Task: Retype exactly the span of lines below from the one with "Schuhe paul green de" through the one with "Disney Summer Fun by PinkUnicornPrincess". Do not include pictures.

Information:

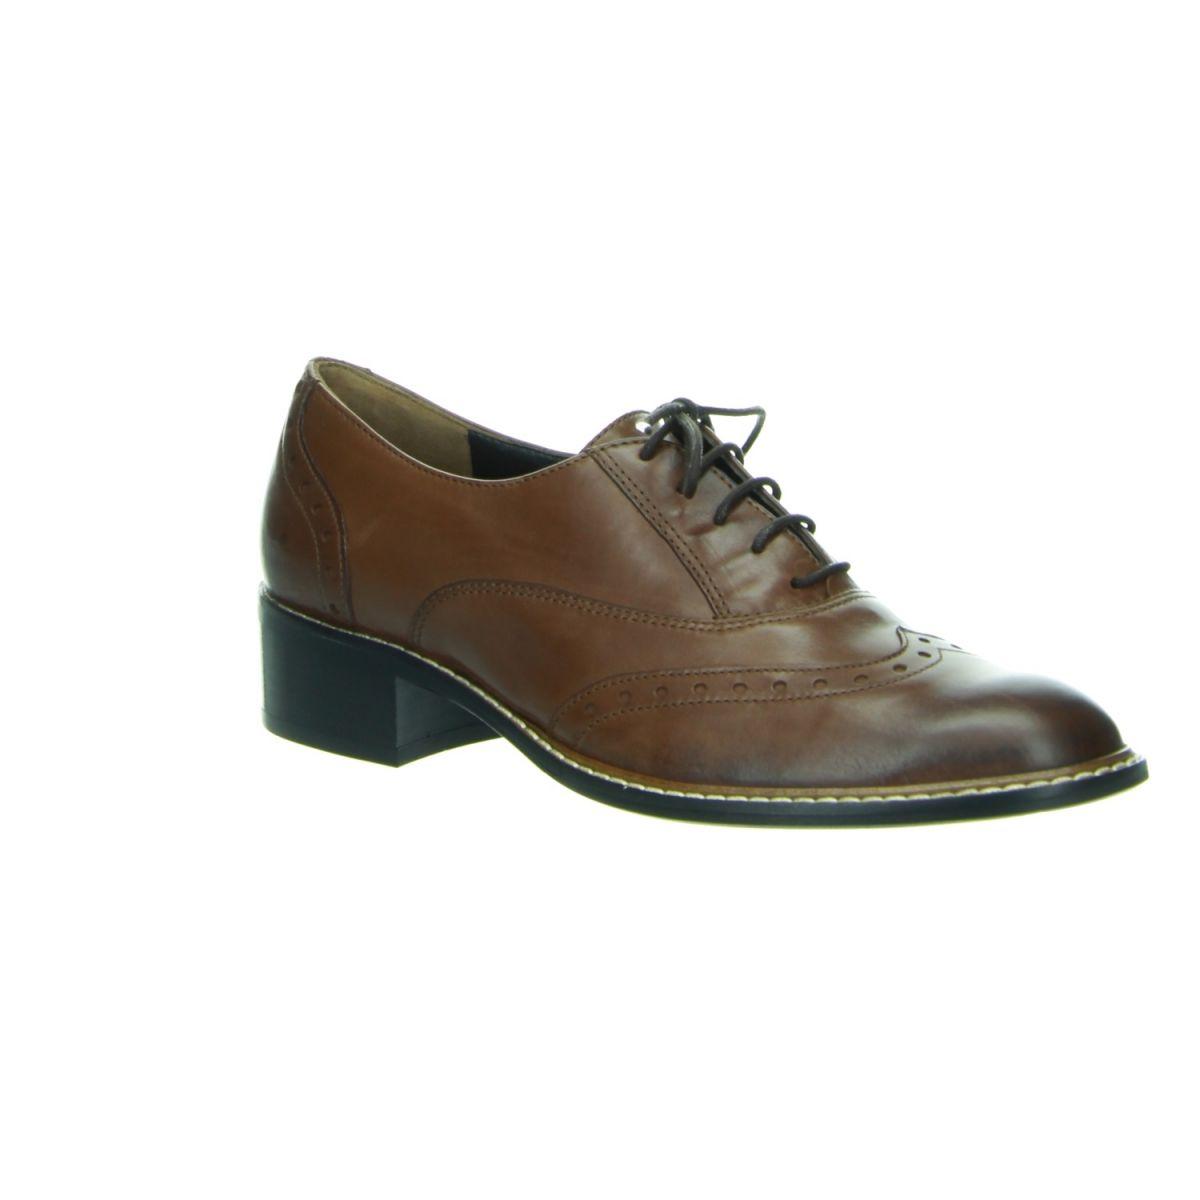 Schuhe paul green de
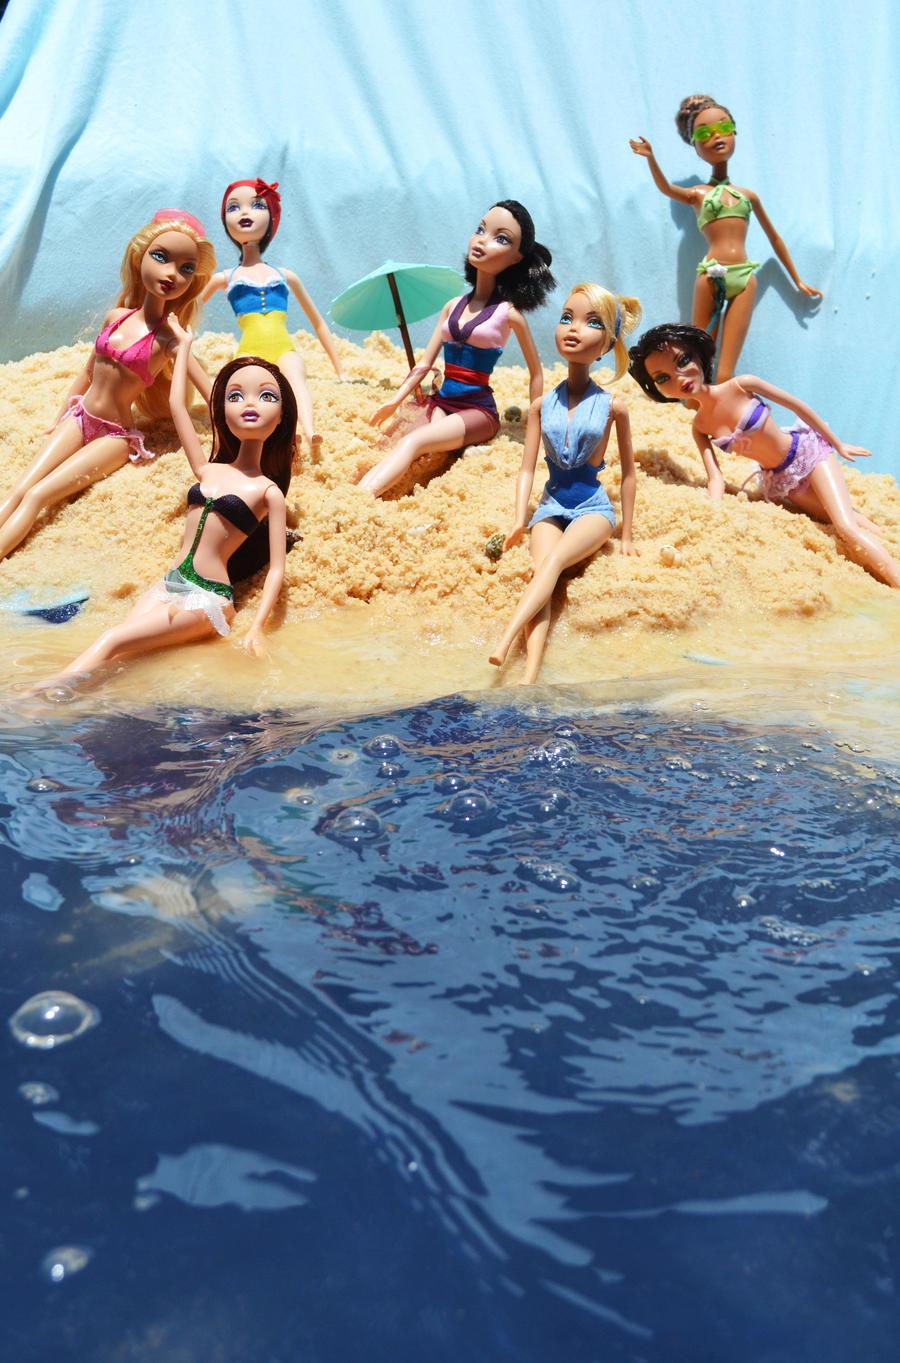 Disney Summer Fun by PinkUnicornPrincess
---
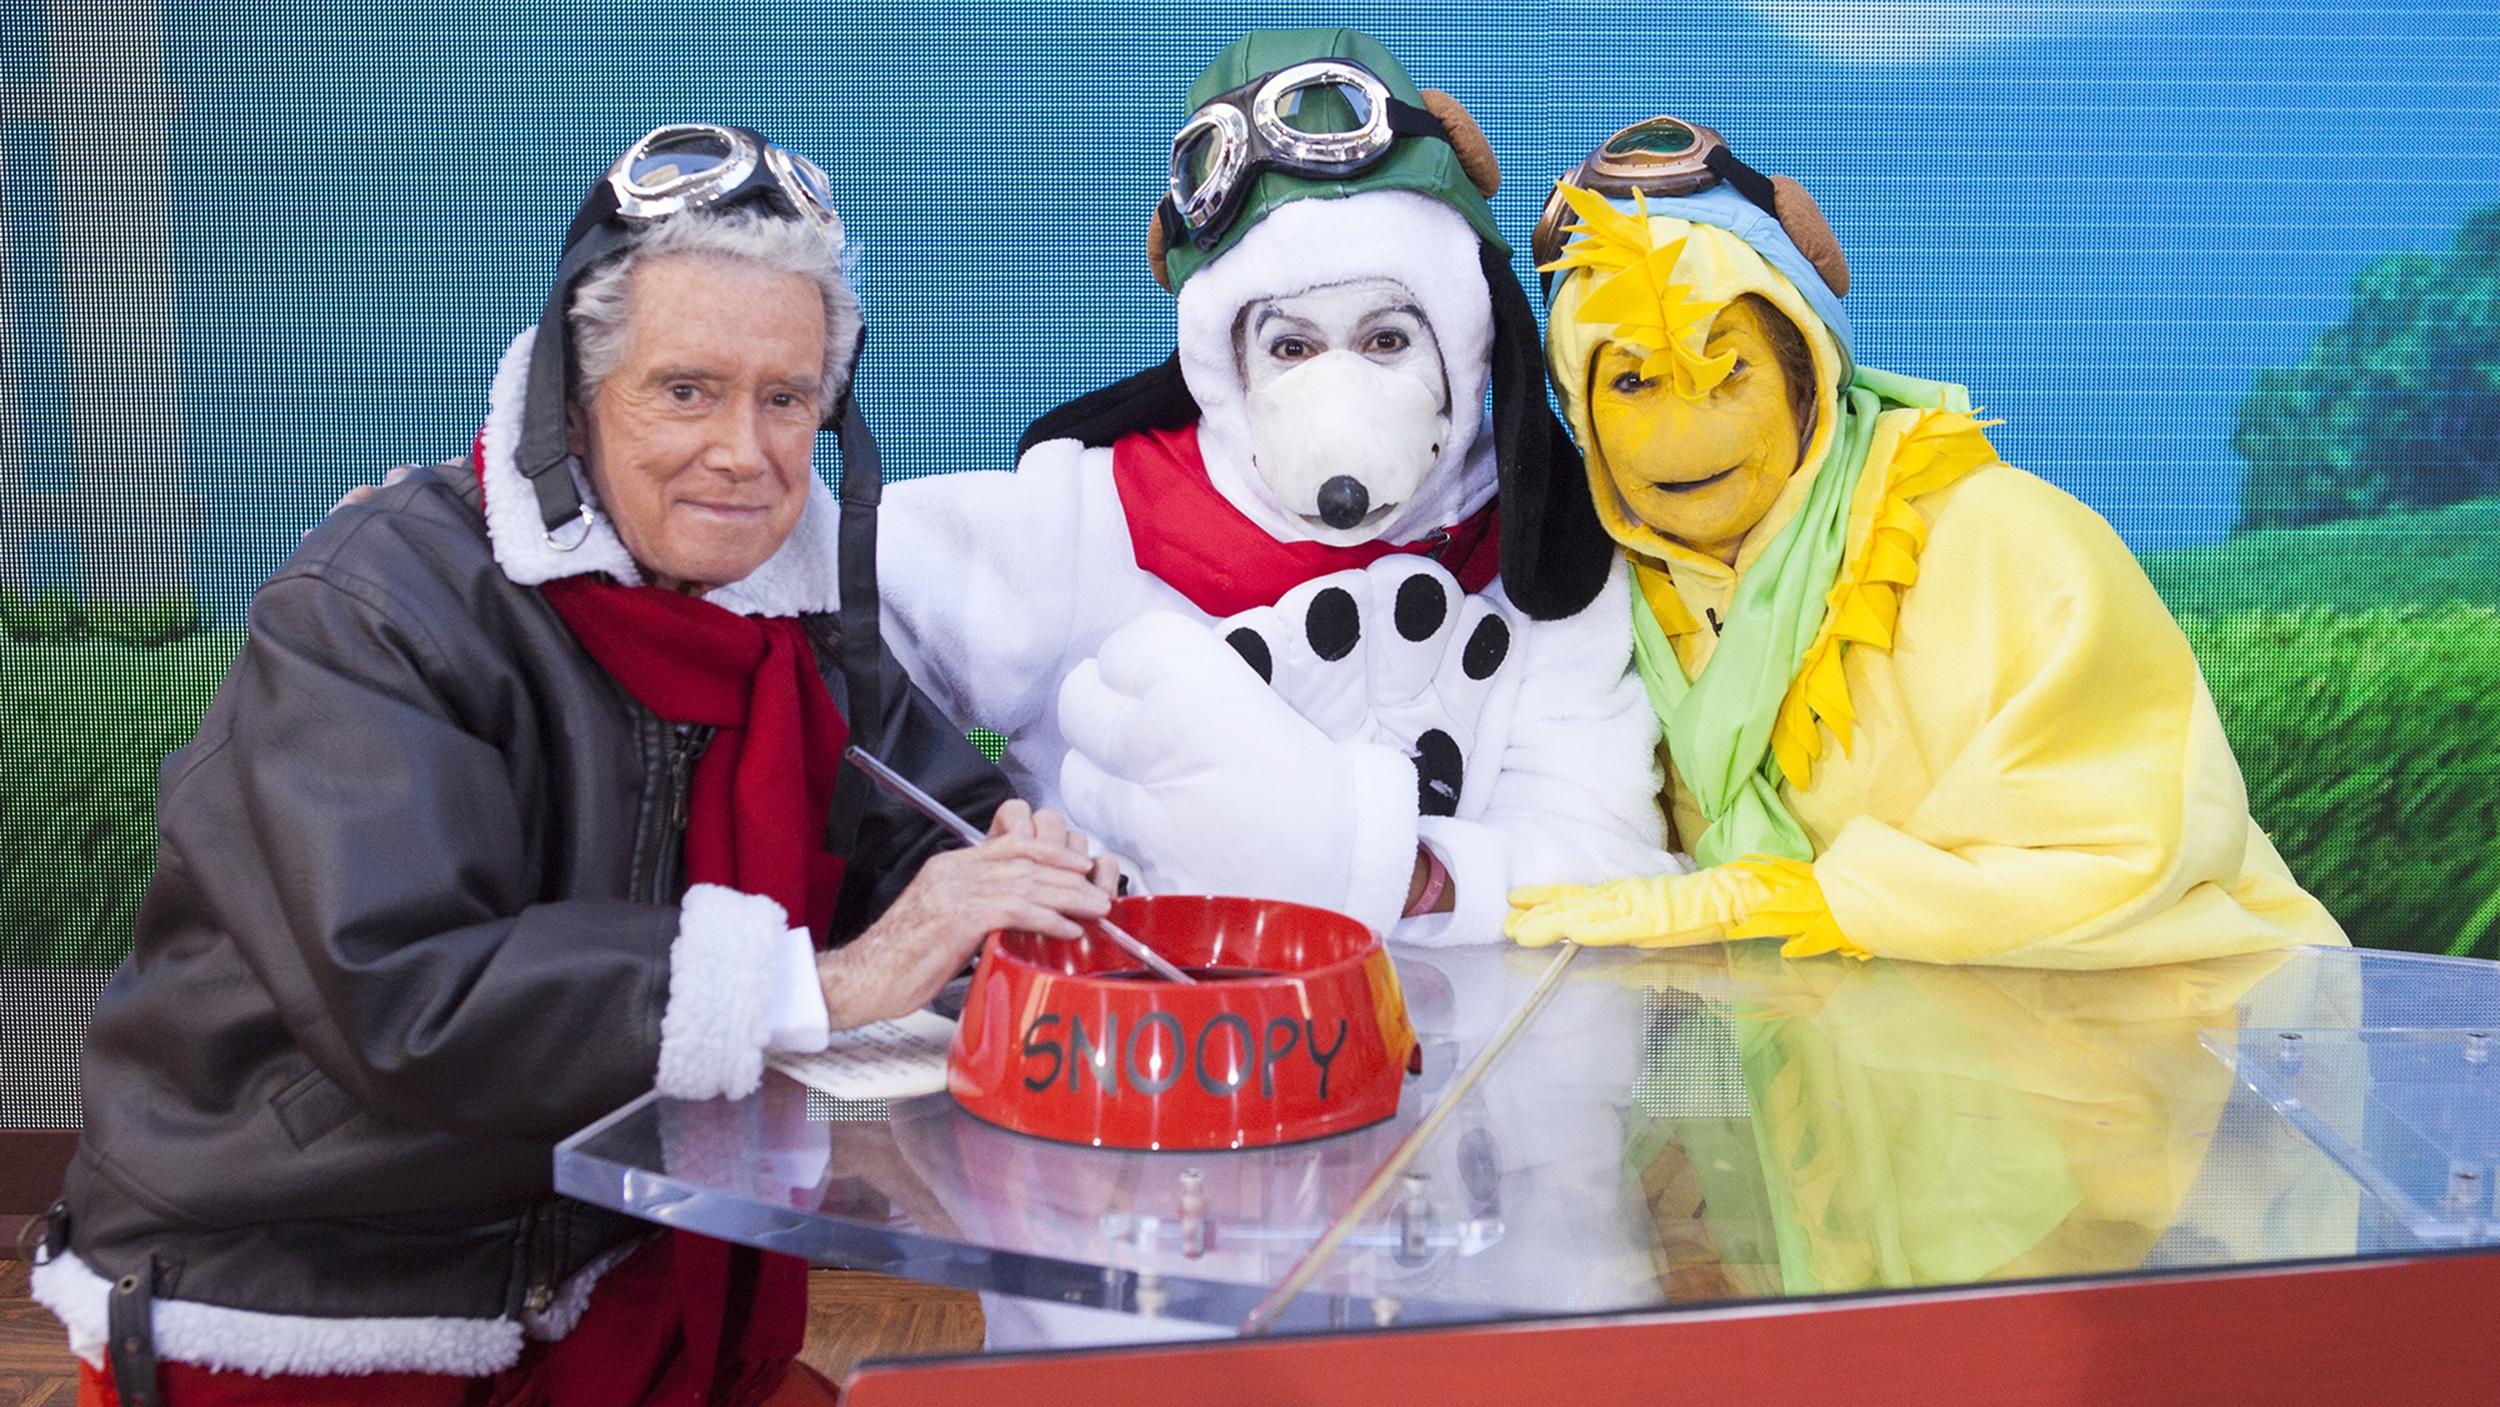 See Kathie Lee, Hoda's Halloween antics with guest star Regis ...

Answer for the task:
 Schuhe paul green de
 Disney Summer Fun by PinkUnicornPrincess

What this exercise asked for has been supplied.